Considero fundamental chamar atenção para a subjectividade que caracteriza a perspectiva da nossa sociedade actual bem das gerações anteriores, as quais focalizam a sua atenção principalmente nas doenças sexualmente transmissíveis, não olhando para outros problemas que podem surgir associados a essa prática. De facto, o trabalhador sexual corre diversos riscos, nomeadamente associados ao risco de sofrer violência por parte dos clientes, dos proxenetas, da comunidade em geral ou ainda das autoridades policiais, fazendo com que o mundo da prostituição ficasse bastante desprotegido. Quem da nossa sociedade olha para os trabalhadores do sexo dessa forma? Quem na sociedade se preocupa mais com a segurança dessas pessoas do que com os ditos danos que elas causam?
A legalização da prostituição surge como uma resposta para o vasto leque de situações problemáticas que afectam a vida da sociedade em geral e dos trabalhadores do sexo em particular. De facto, a legalização dessa prática representaria o culminar de uma luta pela conquista dos direitos civis e políticos dessas pessoas, e pela reinvidicação do direito de exercer a profissão em condições dignas, com a garantia de direitos e o cumprimento de deveres. Penso que seja necessário legalizar essa actividade não só pelo facto de um trabalho merecer salário, direitos e deveres, mas também pelo facto de a legalização constituir um elemento chave para a eliminação de barreiras colocadas no caminho dos trabalhadores do sexo.

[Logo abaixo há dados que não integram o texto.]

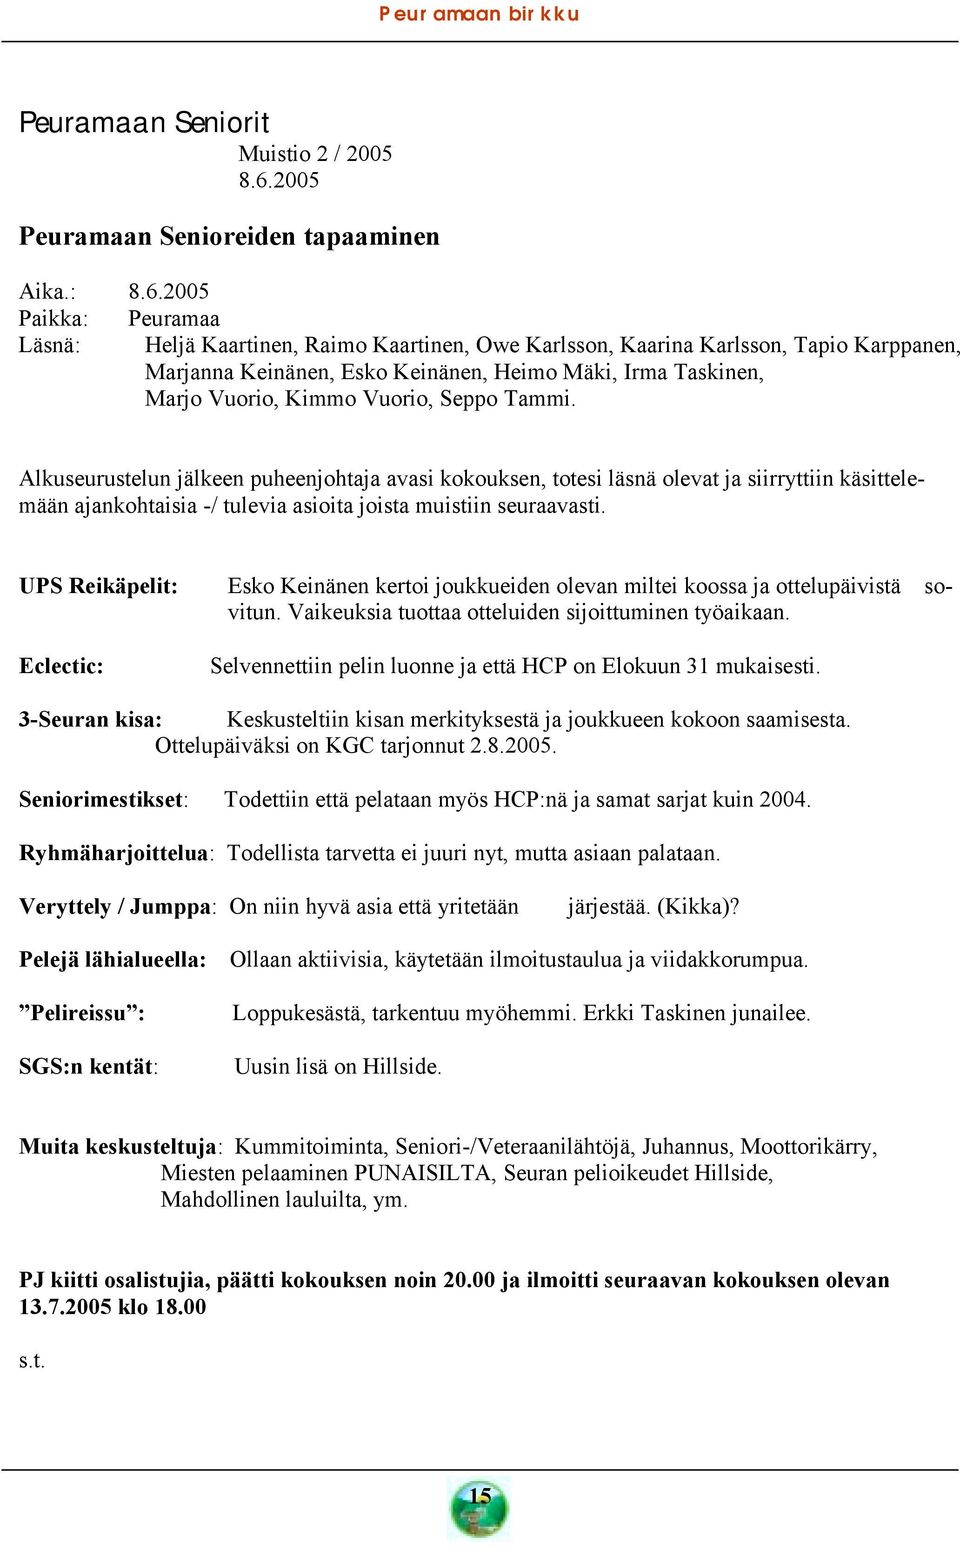 2005 Paikka: Peuramaa Läsnä: Heljä Kaartinen, Raimo Kaartinen, Owe Karlsson, Kaarina Karlsson, Tapio Karppanen, Marjanna Keinänen, Esko Keinänen, Heimo Mäki, Irma Taskinen, Marjo Vuorio, Kimmo

De facto, as dificuldades associadas à integração na comunidade, ao acesso a serviços de saúde, a apoios sociais ou ainda os actos de violência, a estigmatização e rejeição social desapareceriam ou pelos menos atenuar-se-iam com a legalização, tornando a vida dos trabalhadores sexuais menos penosa e mais harmoniosa e segura, sendo um direito ao qual todo e qualquer pessoa beneficia. Esse é o olhar que tenho sobre esse mundo, olhar o qual espero que venha a ser o da nossa sociedade.